Читать «Долгие слезы. Дмитрий Грозные Очи» онлайн - страница 118
Андрей Андреевич Косёнкин
Байдеров нукер каленым прутом чертит по белому телу неясные знаки, проступающие на коже огненно-черными язвами. От прикосновений прута дергается на воротине Смолич, точно живая, беспрестанно и мелко дрожит воротина, на которой распят боярин. Грудь и живот у Смолича волосаты. Пахнет паленым волосом, жженой плотью.
— Бороду-то, бороду ему подпали!
Берестой пыхает седая, пышная бородища боярина. Огонь по волосам бежит скоро, пламя опаляет глаза.
И падает небо.
— Господи! — стонет Смолич. — Прими мою душу!..
— Эвона, кровь-то бежит!
— Кабы унять!
— Поди-ка уйми…
— Эка, чего сотворили!..
— А-а-а-а…
— Терпи, Параскева!..
— Отходит, видать…
— Ишь, как измяли-то, ироды!
— Ты погоди помирать-то, боярышня, за попом побегли! Поп-то придет, причастит… а Бог-то увидит и разом в рай тебя примет.

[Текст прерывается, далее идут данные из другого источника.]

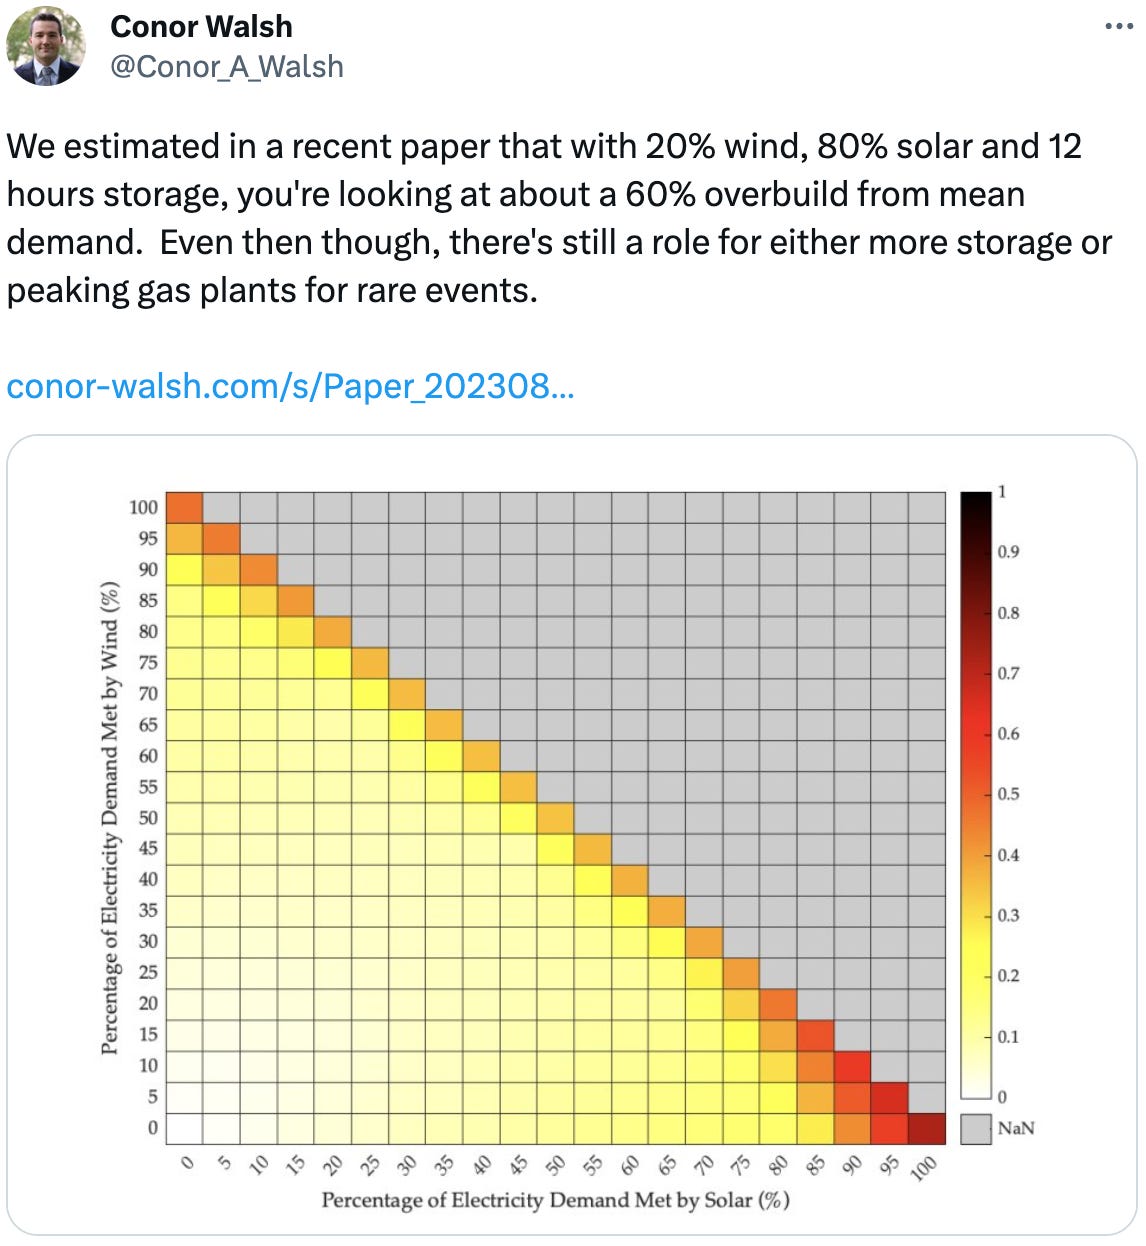  See new Tweets Conversation Noah Smith 🐇🇺🇸🇺🇦 @Noahpinion · 12h Seasonal intermittency suggests that solar can handle winter just fine if we overbuild by a factor of maybe 1.7. Quote Joey Politano 🏳️‍🌈 @JosephPolitano · 13h New record high for US solar power generation! Output was up more than 20% from July 2022 and up nearly 125% from July 2019! Noah Smith 🐇🇺🇸🇺🇦 @Noahpinion · 12h Seems like if we overbuild by 70% and have batteries for nighttime, solar's intermittency is pretty much a solved problem.  @JesseJenkins  would you say that sounds roughly right? Conor Walsh @Conor_A_Walsh We estimated in a recent paper that with 20% wind, 80% solar and 12 hours storage, you're looking at about a 60% overbuild from mean demand.  Even then though, there's still a role for either more storage or peaking gas plants for rare events.   https://conor-walsh.com/s/Paper_20230816.pdf

— Да нешто иначе — по мукам-то?
— А-а-а-а…
— Не слышит она!
— Отходит…
— О-о-о-о-о!..
С сознанием возвращалась и боль. И так она была велика и несносна, что Параскева вновь проваливалась в забытье. А там, в забытьи, точно по водам плыла…
Чисто тело ее, холодна вода в Клязьме, синяя-синяя, будто выпила небо, да быстра и ворониста, того и гляди, утянет… Только отчего-то не страшно то Параскеве. Быстрее, быстрее несут ее воды, мимо бегут берега, а вот и воронка — бешено крутит пенными бурунами.
«Ах, пропаду!..» — думает Параскева, но отчего-то не вниз и на дно, а вверх, в бездонное небо взмывает.
«Господи! Прими душу мою…»
— О-о-о-о-о!..
Не до разговоров ныне во Владимире.
От дома к дому, от двора к двору, круглый, как колесо, катится по городу вой.
— О-о-о-о-о-о!..
Глава 12. Михаил. Последнее утешение
«…и осквернят дом твой, и потопчут обжи, и побьют и унизят твоих людей, и кто любим тобой — будет не вблизи от тебя и не счастлив, и сам ты узнаешь горе, и будешь плакать слезами, и примешь муку на смерть! Но радуйся: ныне и вечно утешишься славой отца своего!..»
Скорбный и светлый лик Пресвятой Богородицы, истинно такой, каким видел на иконе владимирской, явственно был перед взором. Как на Христа-младенца, прозревая судьбу, печально и ласково глядела Богородица в самую глыбь Александра.
— Матушка Богородица, мимо пронеси эту чашу! — плакал и молил Александр.
— Всякая чаша горька, — молвила Богородица и отступила из сна в зыбкую вишневую тьму. И сам сон, так же нечаянно, как явился, истаял, будто его и не было.
Лишь глаза горели от Небесного света, а слез на них — полные пригоршни, как из ковша наплескали.
«Господи! Царица Небесная! В чем утешен-то буду? Али мне нынче горько?..»
Как ни чуден сон, а все ж — только сон. А уж на сколь вещий, разве сразу поймешь? Бывает, покуда сбудется, прорва лет пролетит. Но если и сбудется, неужто, что сбудется через многие годы, увяжешь со сном? Разве вспомнишь его потом? Как ни ярок сон, а все ж — только сон. Да и снилось ли?.. А коли сон в руку, так на то немедленный знак должен быть.
«Как сказала-то Богородица: «…ныне и вечно утешишься славой отца!..» Вон что!..»
Прежде чем выбраться из-под медведны, под которой, видать угревшись, он нечаянно, вдогон сну ночному, и заснул среди утра прямо на верхнем намостье ладьи, Александр рукавом вытер внезапные слезы, дал обсохнуть глазам, дабы приметливый Максимка или еще кто иной тех слез не заметил.